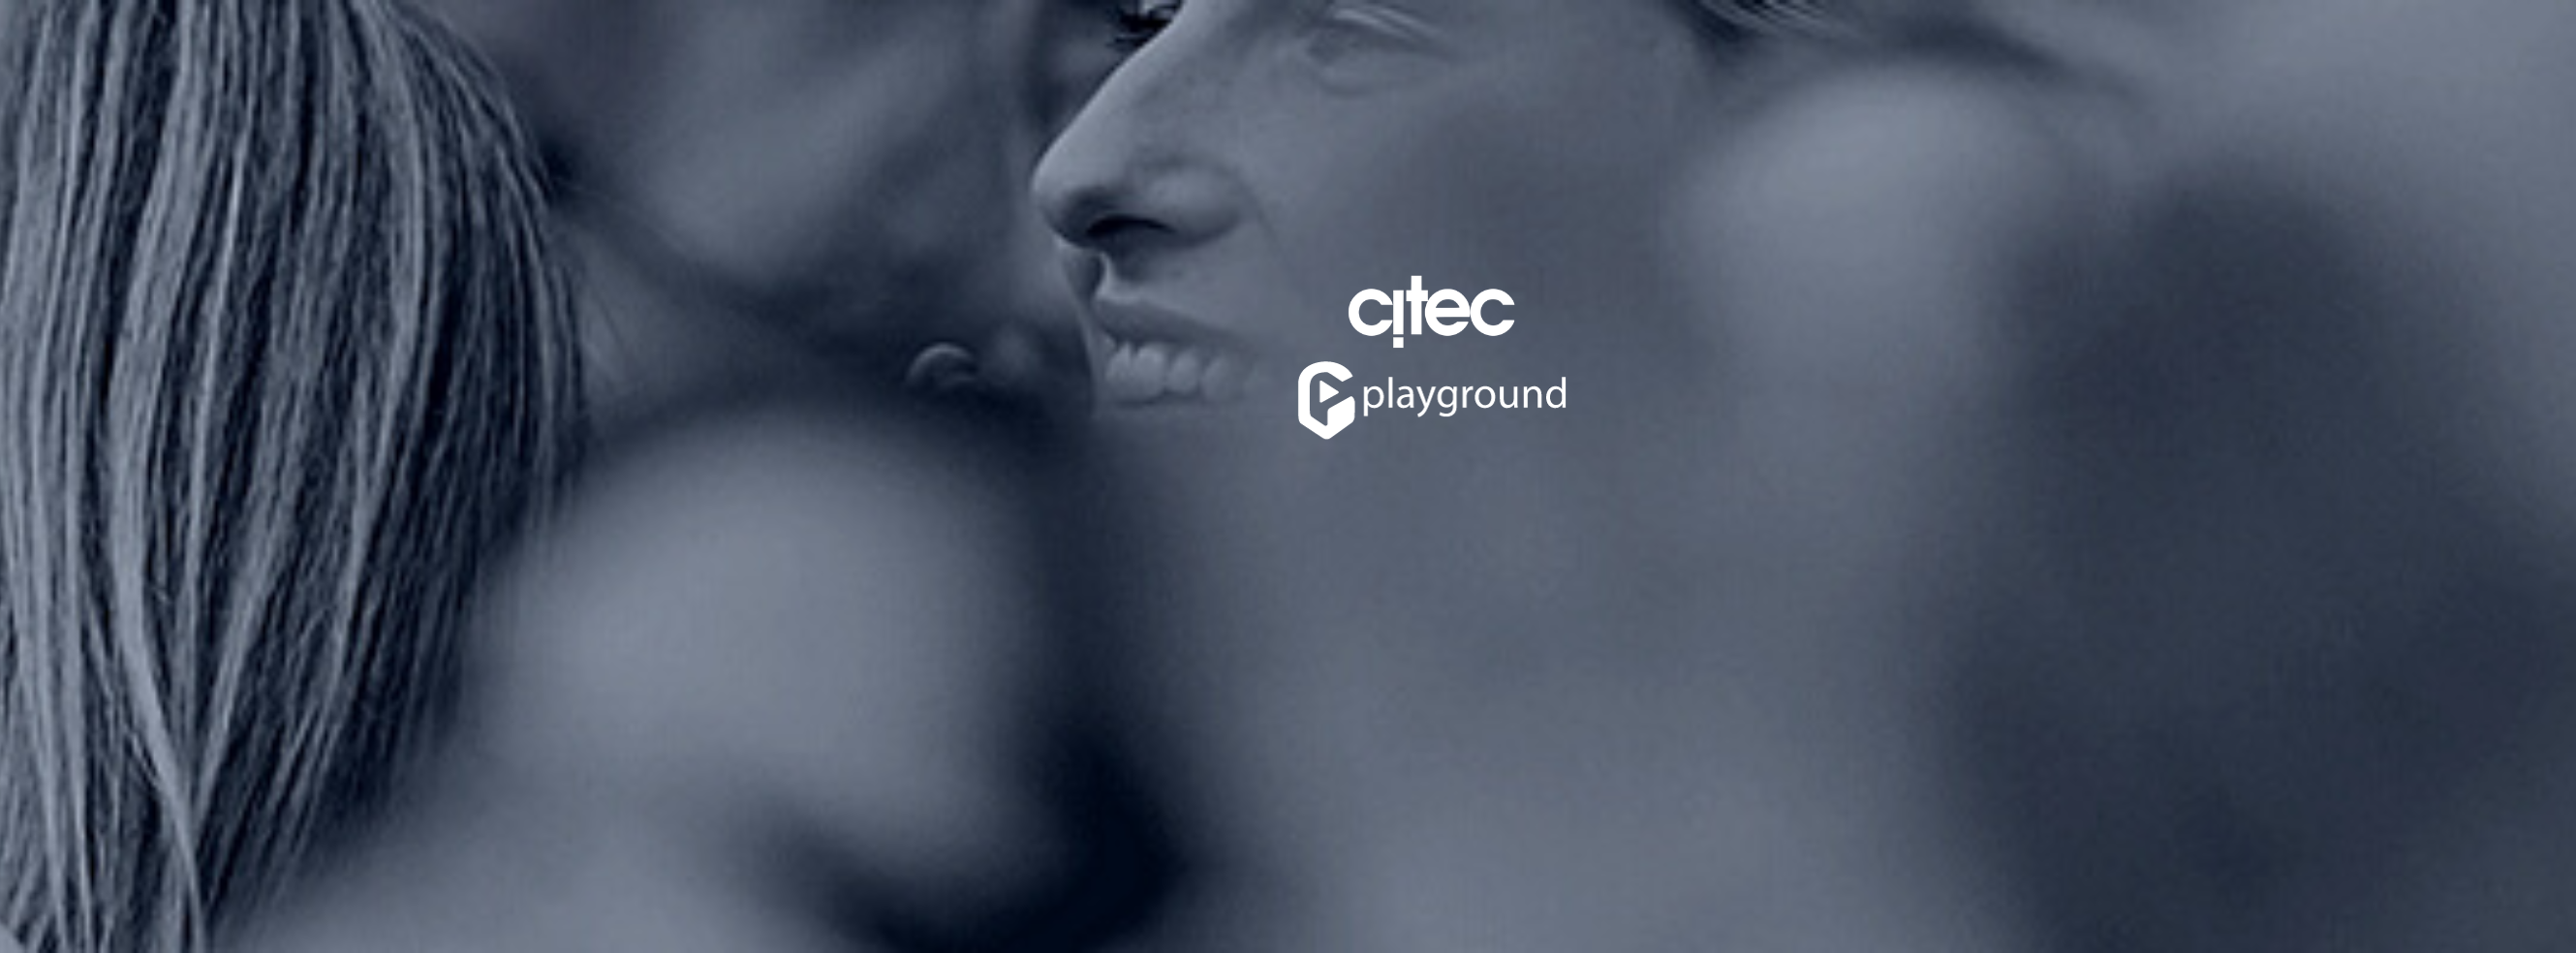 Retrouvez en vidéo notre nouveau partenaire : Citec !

========================

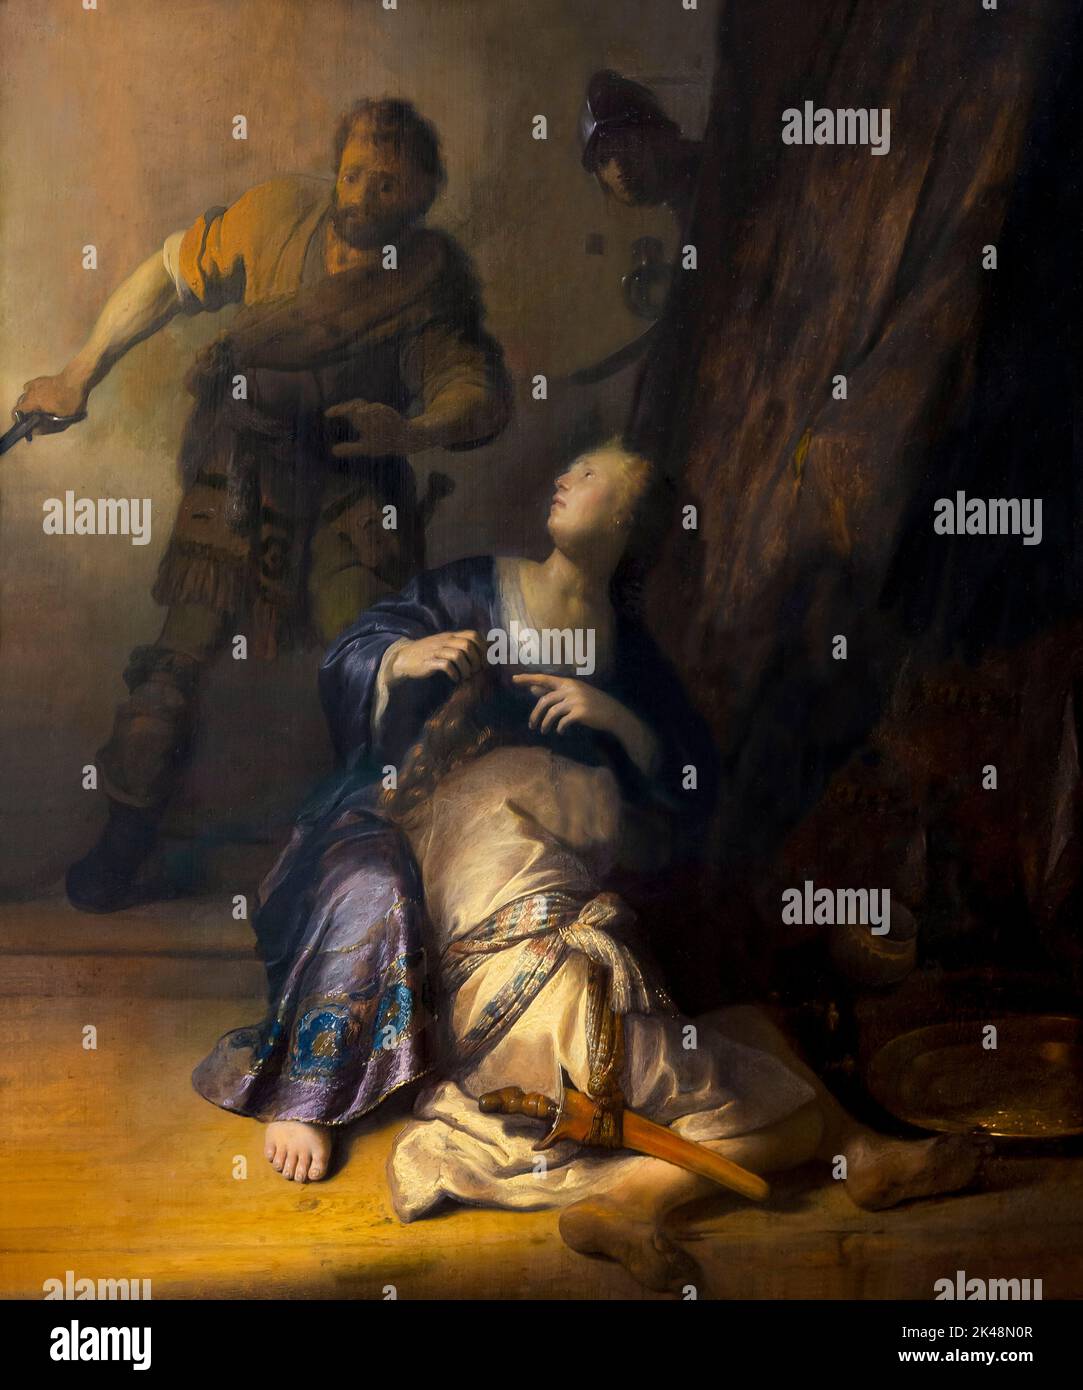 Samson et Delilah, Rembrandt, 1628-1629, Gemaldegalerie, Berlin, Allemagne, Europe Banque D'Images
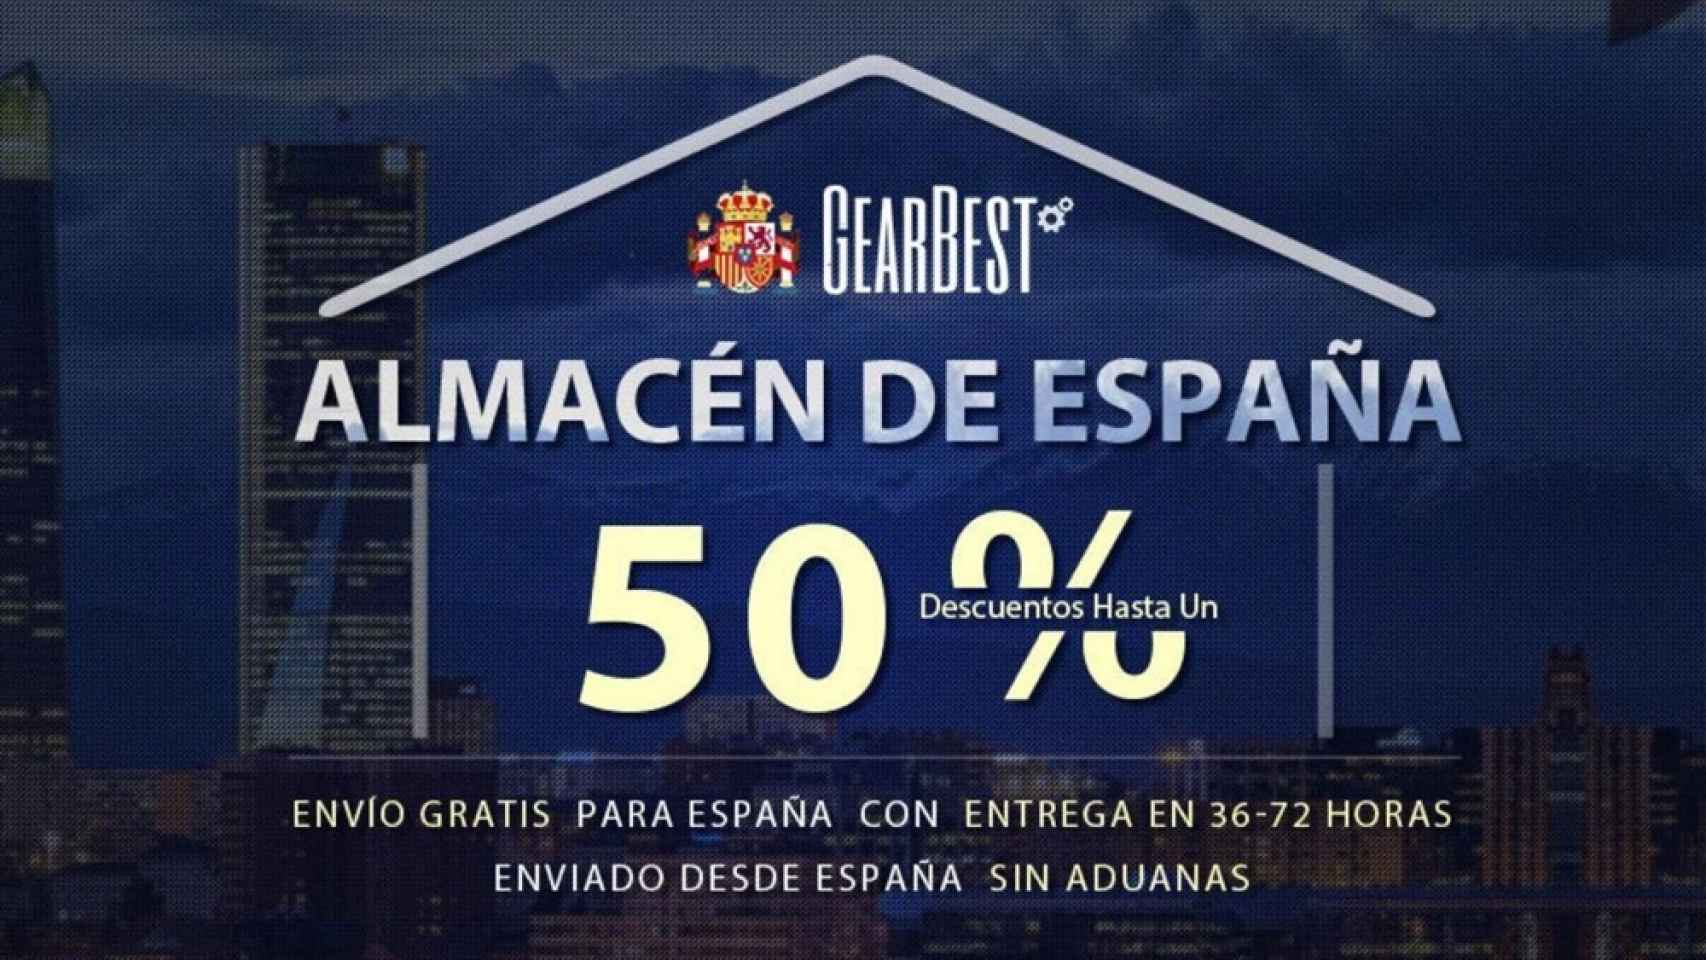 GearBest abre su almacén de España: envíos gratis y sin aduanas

========================

■ **TASK DETAILS**: Each line above from the one containing "Europe Banque D'Images" through the one containing "GearBest abre su" is to be returned verbatim. Nothing else, and no pictures.

■ **ANSWER SPACE**:
 Samson et Delilah, Rembrandt, 1628-1629, Gemaldegalerie, Berlin, Allemagne, Europe Banque D'Images
 GearBest abre su almacén de España: envíos gratis y sin aduanas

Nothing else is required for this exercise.